Portfolio Presentation Strategy:

  • Infrastructure Projects: Highlight your experience in designing, building, and optimizing infrastructure for machine learning workflows. Include examples of projects that demonstrate your ability to collaborate with machine learning teams and address their infrastructure needs.
  • CI/CD Pipeline Projects: Showcase your experience with CI/CD pipeline development for machine learning projects. Include examples of pipelines you've built and maintained, and discuss the challenges you faced and how you overcame them.
  • Technical Documentation: Provide examples of technical documentation you've created, and explain your approach to ensuring that your code and infrastructure are well-documented and easy to understand.
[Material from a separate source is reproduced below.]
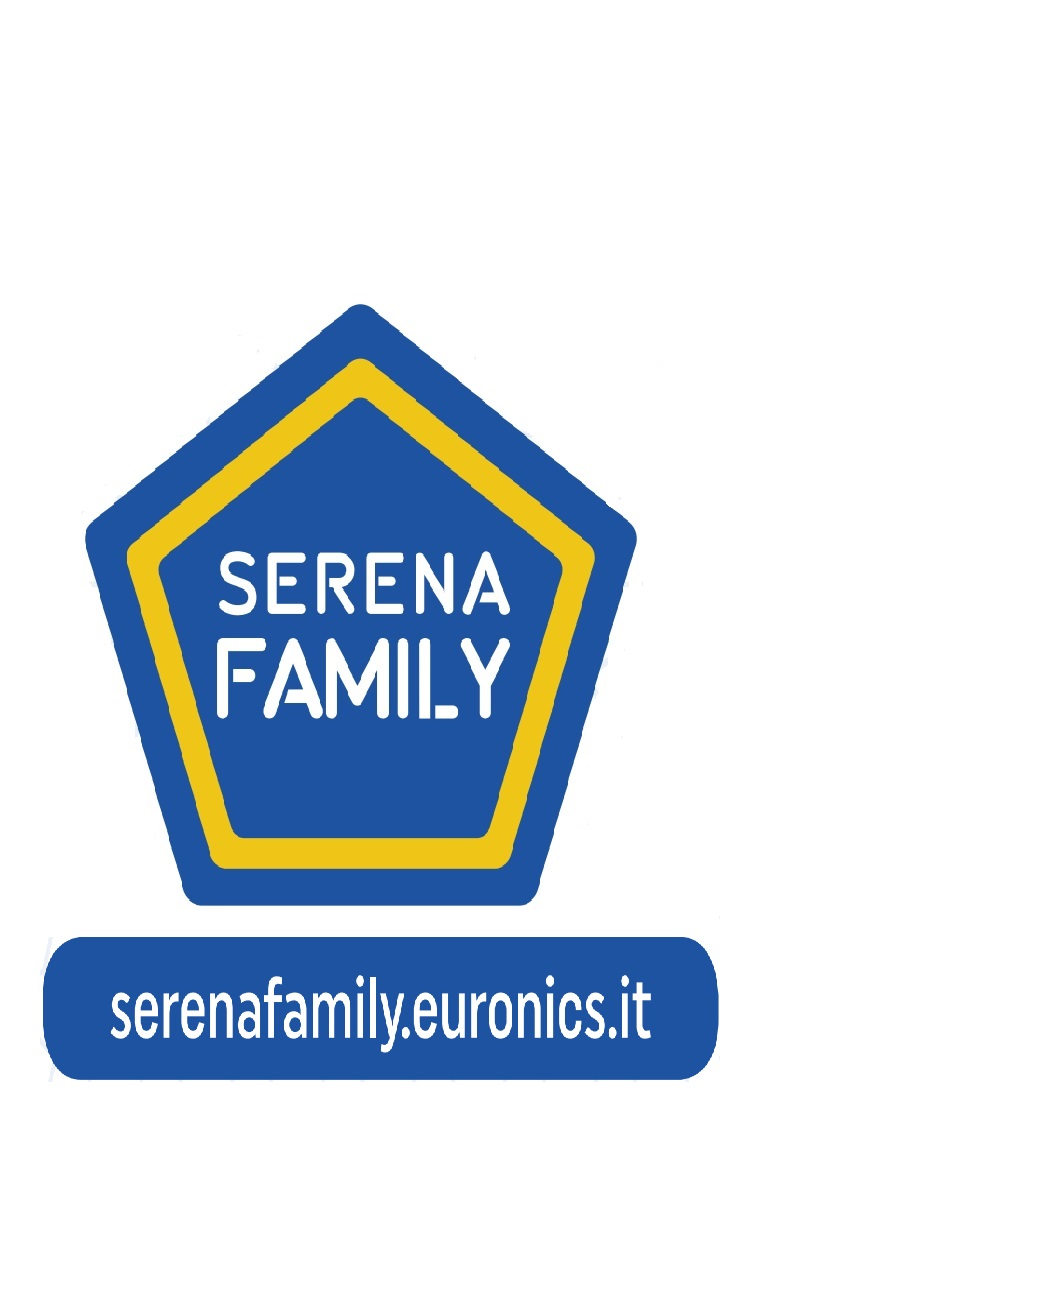 Serena Family

📝 Enhancement Note: The interview process for this role is designed to assess your technical skills, experience, and cultural fit, as well as your ability to collaborate with machine learning teams and address their infrastructure needs. Be prepared to discuss your portfolio, approach to machine learning infrastructure and MLOps, and any relevant technical challenges you've faced in previous roles.

📌 Application Steps

To apply for this ML Infrastructure Engineer position at Symbolica AI:

  1. Review the Job Description: Carefully read the job description and ensure that you meet the required qualifications and skills.
  2. Tailor Your Resume: Highlight your relevant experience, skills, and accomplishments, and tailor your resume to the specific requirements of the role.
  3. Prepare Your Portfolio: Showcase your experience in designing, building, and optimizing infrastructure for machine learning workflows, and include examples of CI/CD pipelines you've built and maintained for machine learning development.
  4. Practice Technical Challenges: Brush up on your knowledge of machine learning infrastructure and MLOps best practices, and prepare for a technical challenge that may involve designing, building, or optimizing infrastructure for machine learning workflows.
  5. Research Symbolica AI: Learn about Symbolica AI's mission, values, and culture, and prepare thoughtful questions to ask during the interview process.

📝 Enhancement Note: The application process for this role is designed to assess your technical skills, experience, and cultural fit, as well as your ability to collaborate with machine learning teams and address their infrastructure needs. Be prepared to discuss your portfolio, approach to machine learning infrastructure and MLOps, and any relevant technical challenges you've faced in previous roles.

Application Requirements

5+ years of experience in software engineering or infrastructure roles, with at least 2 years in machine learning infrastructure or MLOps. Proficiency in scaling DevOps pipelines and experience with orchestration tools like ZenML and Kubernetes.